Source data:
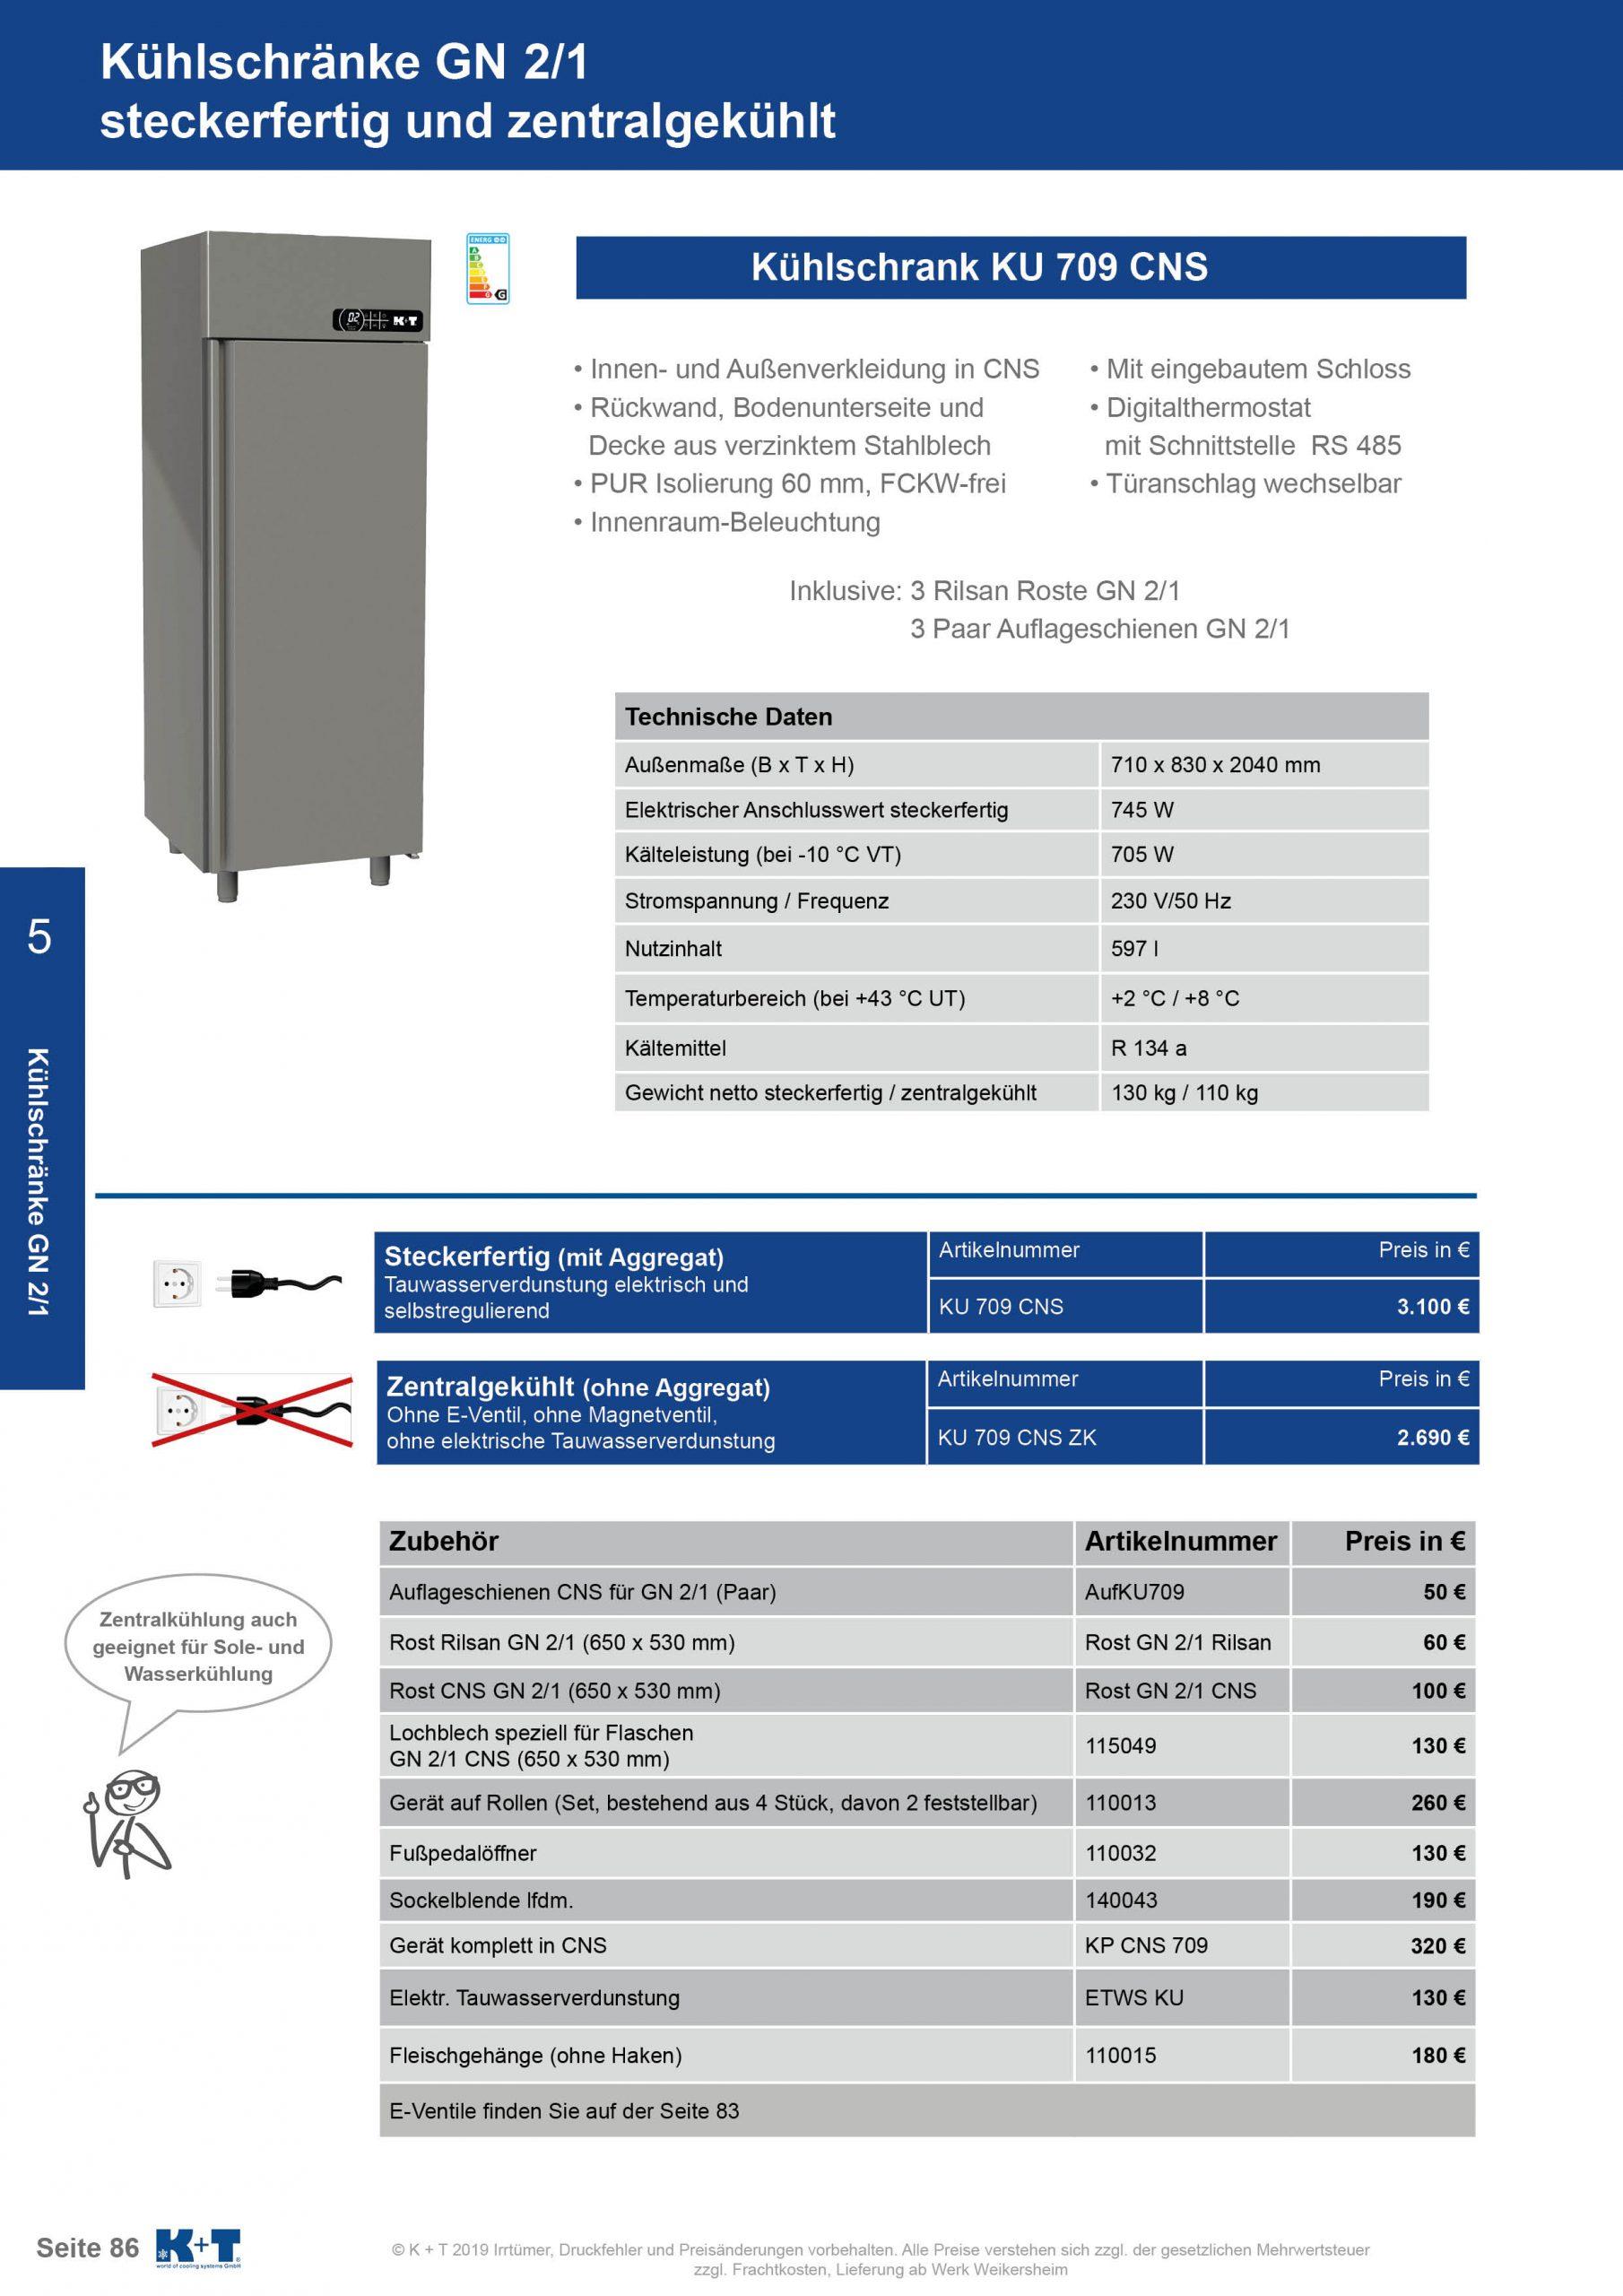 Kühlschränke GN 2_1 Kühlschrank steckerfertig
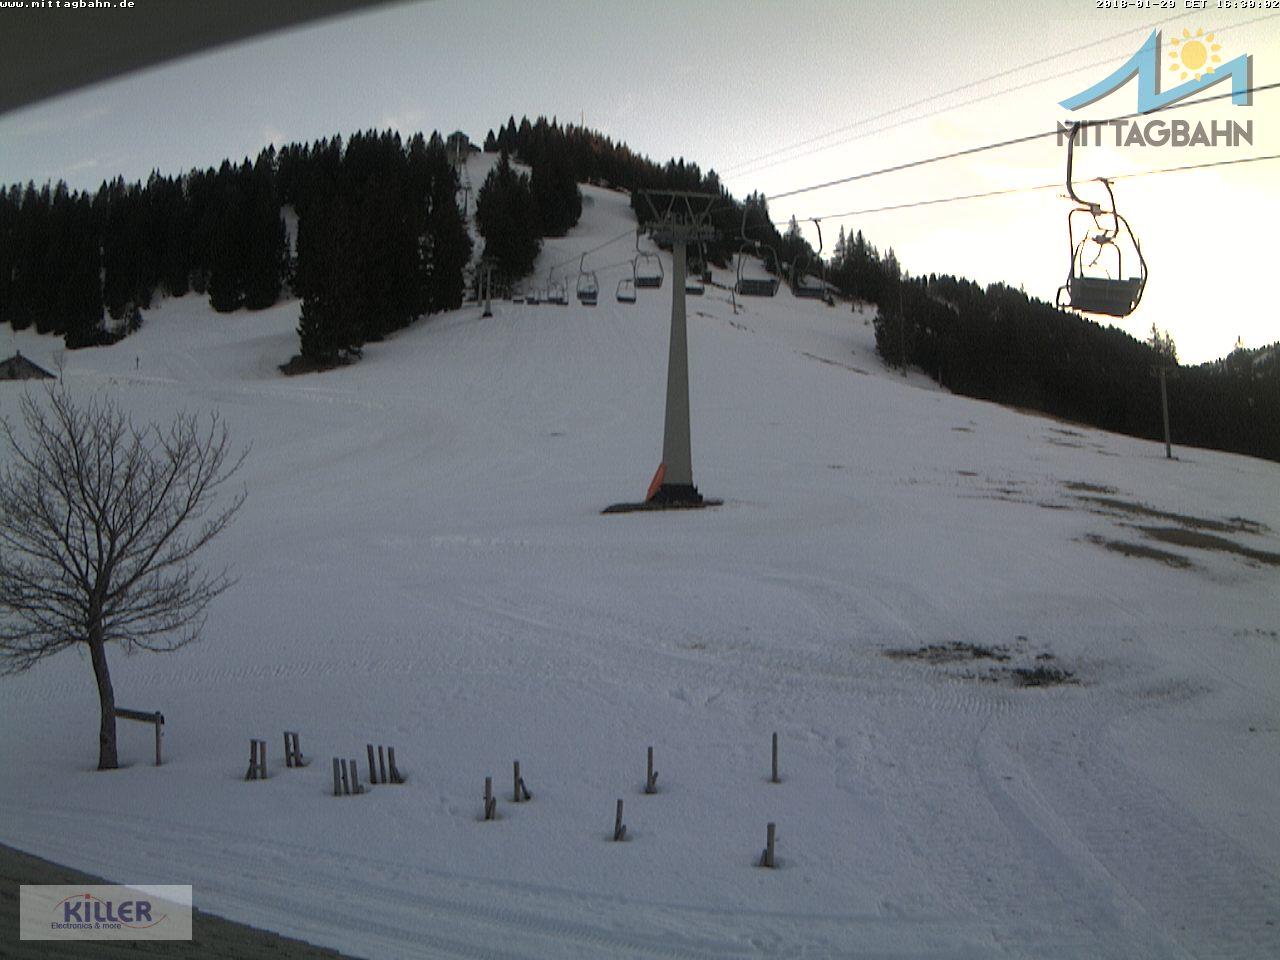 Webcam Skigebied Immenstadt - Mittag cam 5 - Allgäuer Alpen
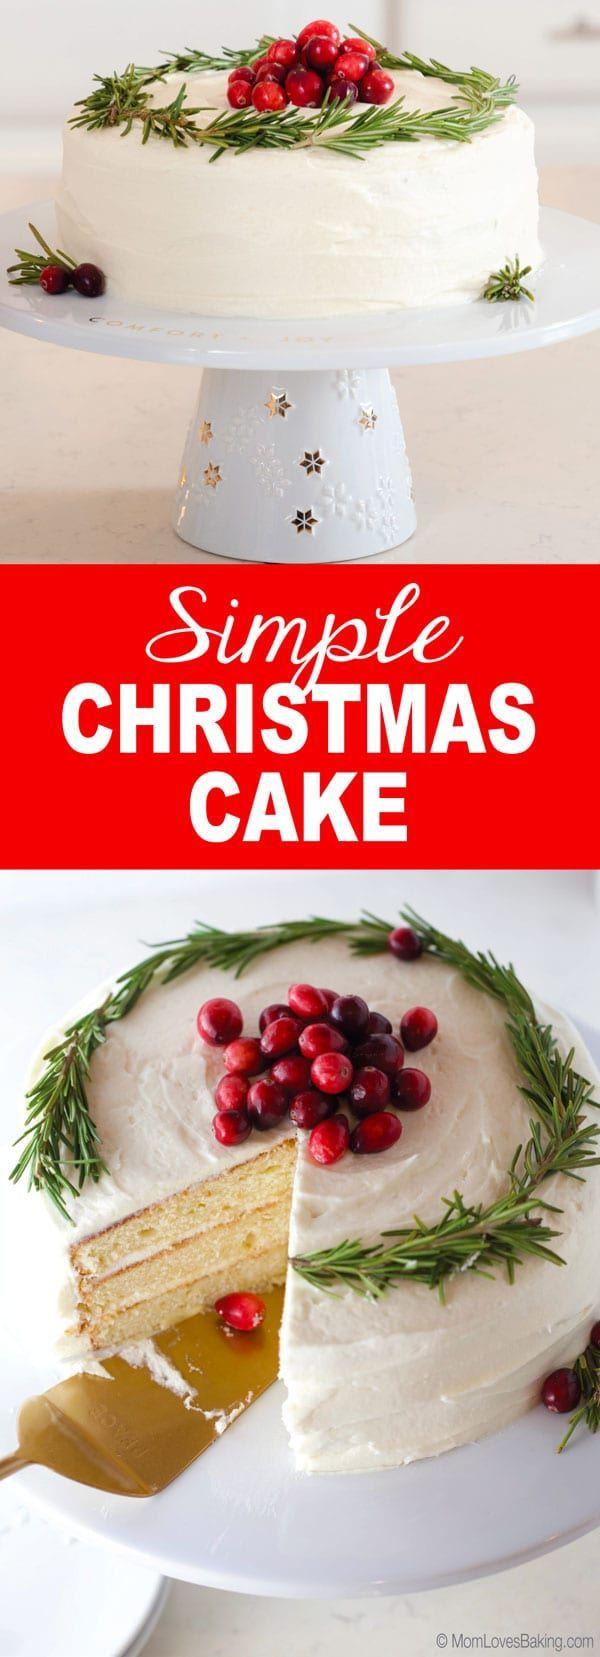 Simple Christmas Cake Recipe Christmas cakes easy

What you are asked to do:
All that is required is an exact reproduction of the lines from the one containing "Webcam Skigebied Immenstadt" to the final line of the listing above, pictures omitted.

Answer box:
 Webcam Skigebied Immenstadt - Mittag cam 5 - Allgäuer Alpen
 Simple Christmas Cake Recipe Christmas cakes easy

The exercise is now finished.